Товарищ Подгурского по лицею, Лабунский, был культурнее его, благоговел перед новою наукой, старался жить «по Молешотту», хмельного в рот не брал, был крайне опрятен, всегда носился с какой-нибудь современною идеею, увлекался спортом, был поклонником русской литературы и хорошо влиял на Сашу, даровитую сестренку мою, на которой остановился его сердечный выбор. Она, как и Катя, получила только домашнее воспитание, писала стихи по-русски и по-французски и отличалась прямотой в своих отношениях к людям. Мать часто ссорилась с нею. Она, несмотря на полудетский возраст свой — ей было пятнадцать лет, — считала Лабунского не только образованным человеком, от которого можно было кой-чем позаимствоваться, но и несколько смешным; и все-таки решила выйти за него, чтобы избавиться от тирании мамаши, которая требовала от дочерей безусловной покорности. Катю она переломила и заставила смотреть на все ее глазами, а Саша, чем дальше, тем становилась самостоятельнее. В некоторых отношениях она переросла меня.

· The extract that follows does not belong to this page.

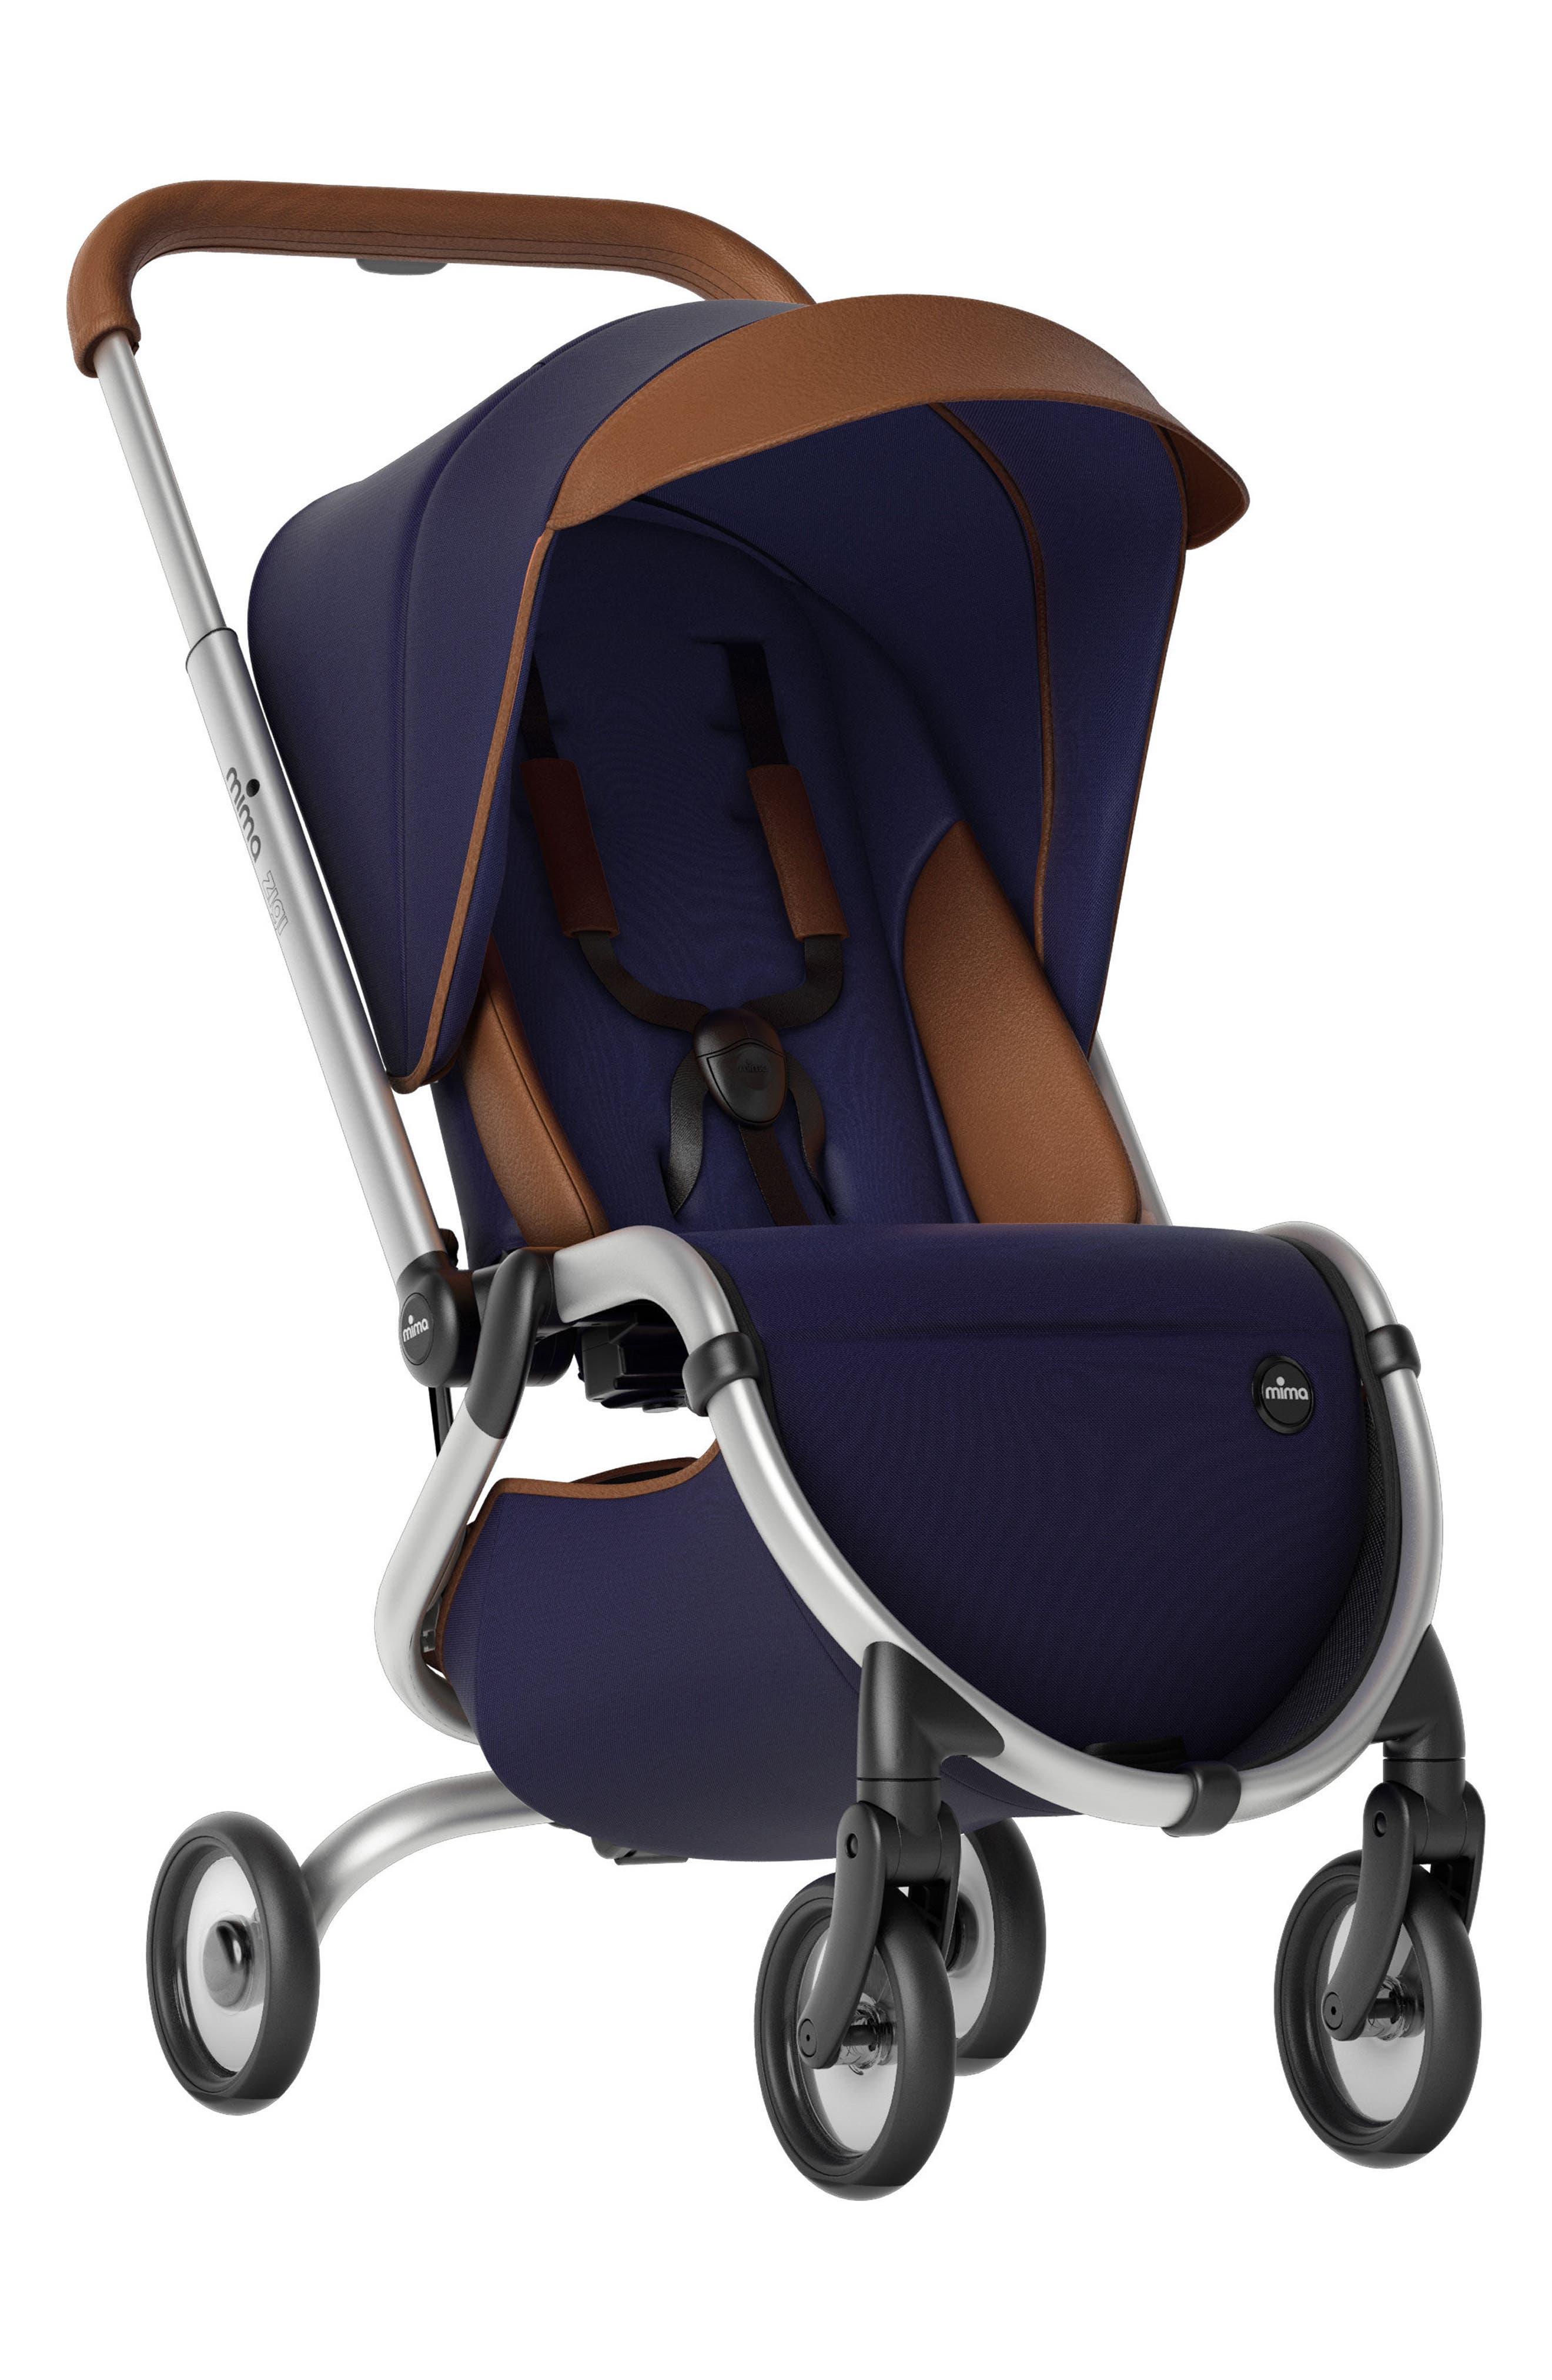 Alternate Image 1 Selected - Mima Zigi Travel Stroller

— Кошмарна доля русской девушки, — сказала она мне однажды: — так или иначе, она, обыкновенно, если развито у ней нравственное чувство, кончает самоубийством: или выходит замуж, или погибает другим способом.
Мечтала она о работе, и ей хотелось быть хоть фельдшерицей. В это она посвятила меня. Я посмеялся над нею и грубыми красками описал непривлекательность фельдшерской профессии. Она ответила:
— Как пошло!
Права была милая Саша!
Воздух в Черниговской гимназии был уже не такой, как в Нежине. Другой воздух. Учителя были, большею частью, молодые, либеральные. Искренной привязанностью учеников, даже любовью пользовался учитель словесности Н. А. Вербицкий-Антиохов. Читал он литературу свободно, по-профессорски, вел себя с учениками вне класса как товарищ; у него собирался на квартире избранный кружок. Даже солнце как-то ярче светило в стенах черниговской гимназии.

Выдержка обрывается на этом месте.